Nieznajomi podeszli bliżej. Anioły? Czarne anioły!
– Czy ona umarła? – zapytał cicho.
Bo czasami aniołowie zabierają do nieba dobrych ludzi po śmierci, tak jest napisane w Biblii. A czy był na świecie ktoś lepszy niż Saga?
Ale czy anioły nie powinny być białe?
– Nie, nie umarła – odpowiedział z uśmiechem jeden z przybyłych. – Ale umarłaby, gdybyśmy jej nie zabrali ze sobą. Nasz pan wysłał nas tutaj, byśmy przynieśli mu tę, którą wybrał. A zatem ona musi cię teraz opuścić, Henningu z Ludzi Lodu.
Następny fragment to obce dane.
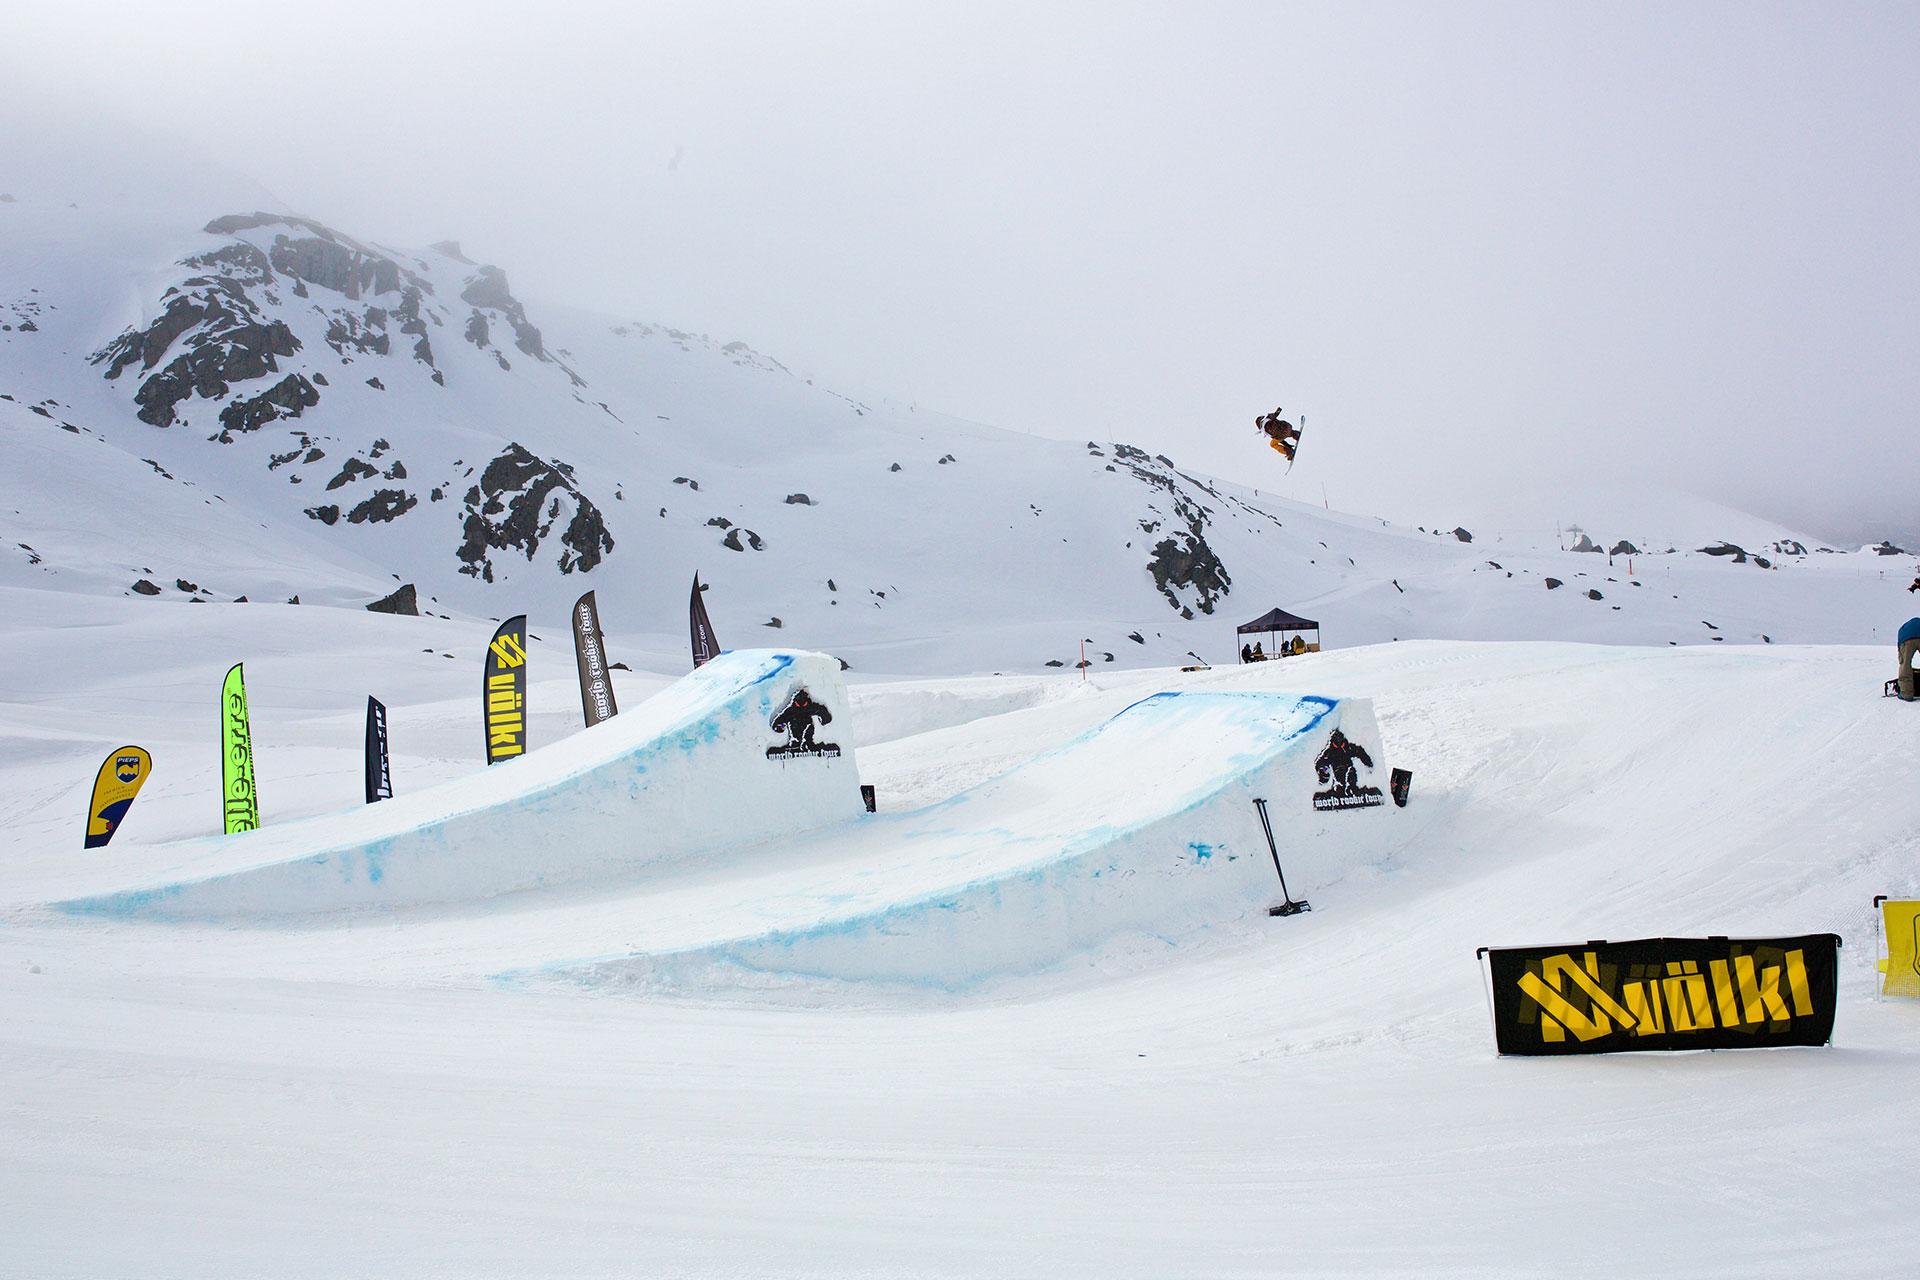 Prime-Snowboarding-Magazine-World-Rookie-Finale-2016-Kokomo-Murase-by-Gustav-Ohlsson

Ale będzie bardzo szczęśliwa, pamiętaj o tym!
Saga otworzyła oczy.
– Więc on nie jest sam w otchłani – szepnęła. – A kim wy jesteście? Dżinnami?
– Możesz nas tak nazywać – uśmiechali się. – Trzeba ci wiedzieć, że liczny orszak towarzyszył naszemu władcy, Lucyferowi, kiedy opuszczał niebo. On ciebie oczekuje.